As he walked across the room, visibly trying to keep his spine straight and his head high, it was like we were challenging one another to look away. Not wanting to appear weak, I kept my gaze locked onto him, letting him know that I wasn’t afraid of him, while the rapid beating of my heart told me that wasn’t the case in the slightest.
“All right then,” he groaned as he lowered himself in the other armchair. “The beginning…”
His fingers began to drum nervously on his leg, and I could have sworn I saw a bounce in his knee. It appeared Krampus had similar anxious habits to myself.
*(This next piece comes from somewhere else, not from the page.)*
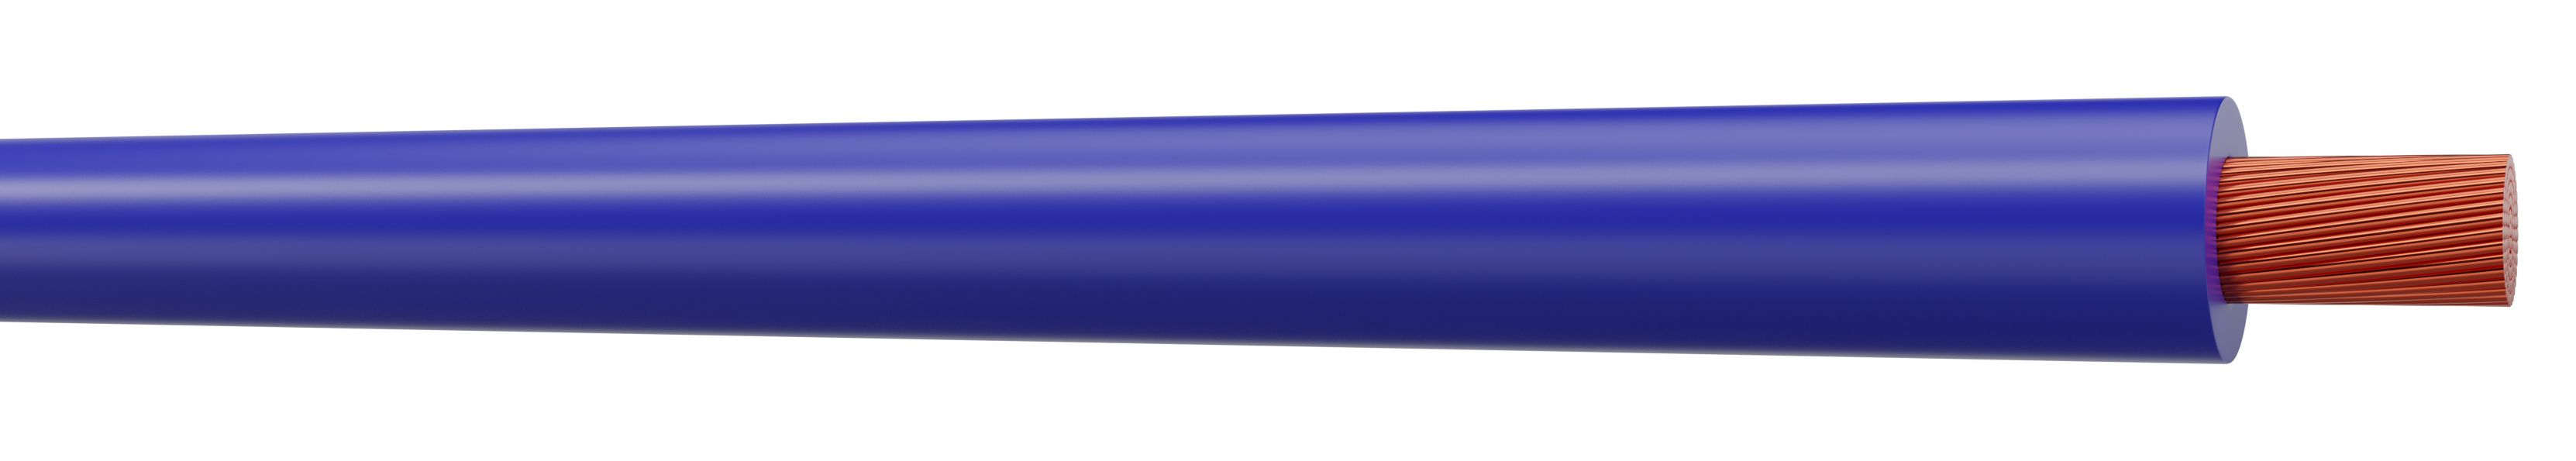 marron neutre Rouleau complet et longueurs personnalisées disponibles jaune/vert Bleu vif Câble monoconducteur 6491 X de 1,5 mm

“Centuries ago, more than I can reasonably account, I wasn’t like this.” He sighed, officially being the first to avert his gaze. He stared at the floor as he spoke, like it was easier to come up with the words if he pretended I wasn’t there. “I was a boy like any other. Stupid, reckless. My brother and I would constantly dare each other to walk further and further onto the ice or torment our poor mother with ice in the laundry.”
As he described his brother, I remembered the images of the family scattered about the castle, each featuring two boys at the feet of their father and mother. Already, the pieces were starting to come together.
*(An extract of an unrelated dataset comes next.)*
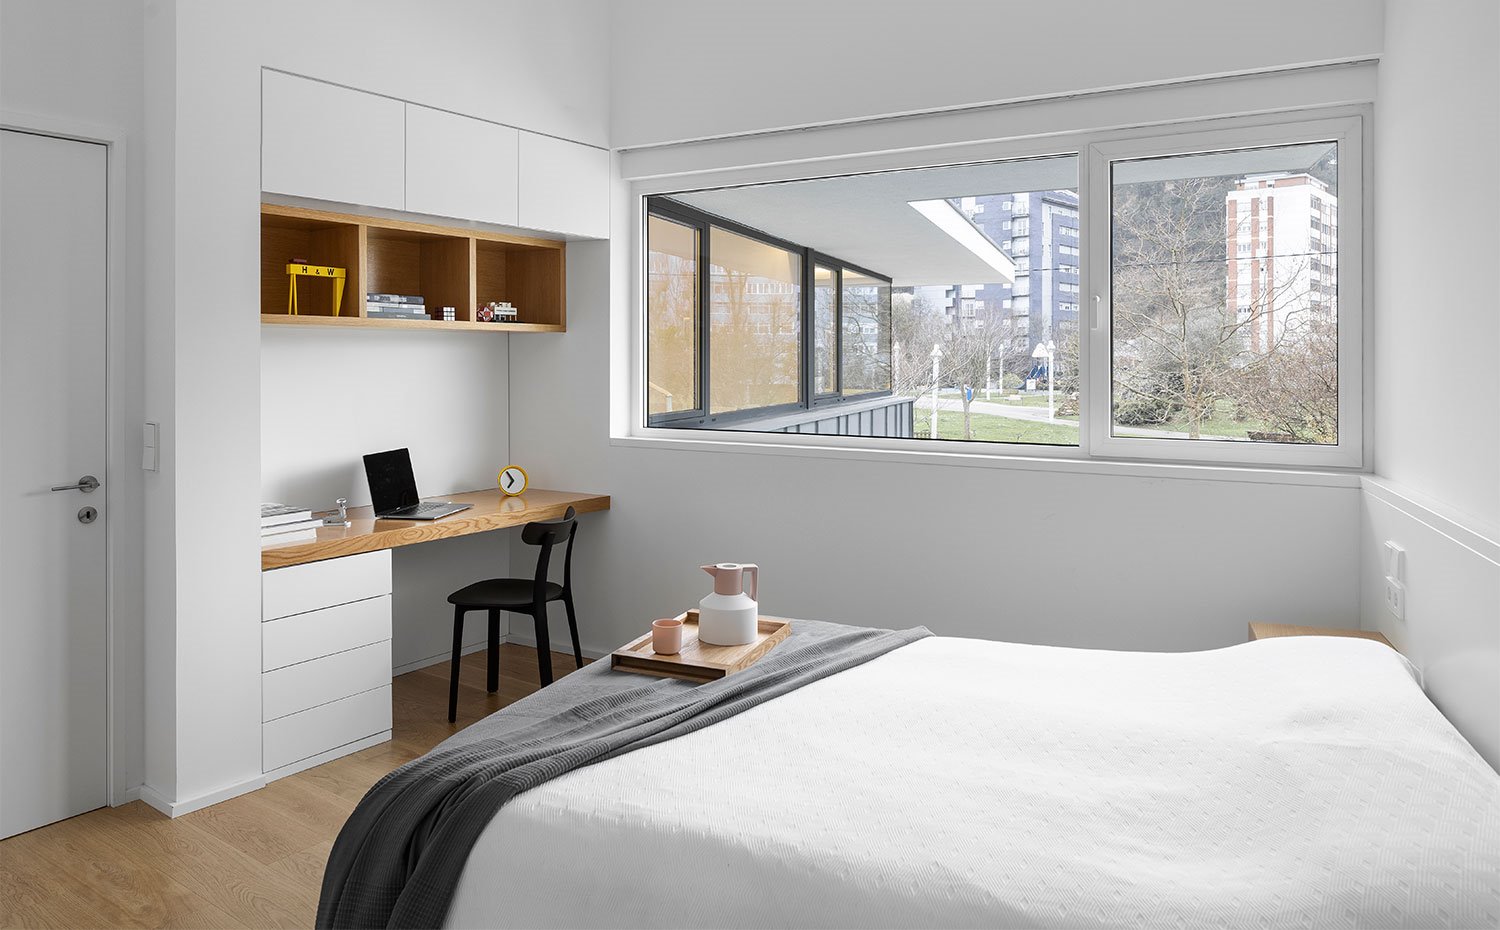 Dormitorio con amplia apertura horizontal hacia el exterior, mobiliario integrado en blanco con acabados en madera natural

“My father was a man of the church and a toy-maker. He was a regular figure of goodness, strength of heart, and character,” Krampus continued, getting a touch more comfortable and beginning to speak with his hands. “Now, I’ll never know the entire truth surrounding what happened next—nobody will—but it happened, and there’s no use agonizing over the possibilities. Believe me, because I’ve already done plenty of that.”
“What’s that? What happened next?” I asked, half because I was growing more and more anxious waiting for him to get to the good part but also because I wanted him to know I was actively listening.
Krampus shrugged and continued, his voice both remorseful and frustrated.
“Some people wrote that there’s a possibility my father prayed for his success and made vague promises that my brother and I were bound to see through for eternity,” he went on. “Some believe that he potentially made a bad deal with the fae folk, or a demon, or Gods, or any sort of whosit or whatsit. The retelling always depends on the culture, of course. Some people said my father had nothing to do with it, and it was a pure freak accident that my brother and I were chosen.”
“But no matter how you slice it, we’re here now. All of us are. You, me, and… and my brother.” Krampus leaned back in the chair. I wanted to ask more questions, pry for information, but I didn’t want to push for more. There was something about his expression and the flaring of his nostrils that told me this was a more sensitive conversation than I had anticipated.
“You most definitely know him. Or know of him. My brother, that is,” Krampus continued, a sliver of venom on the edge of his tone. “Everyone does. Everyone just loves Nikolaus. Can’t get enough of him, actually! Lucky bastard.”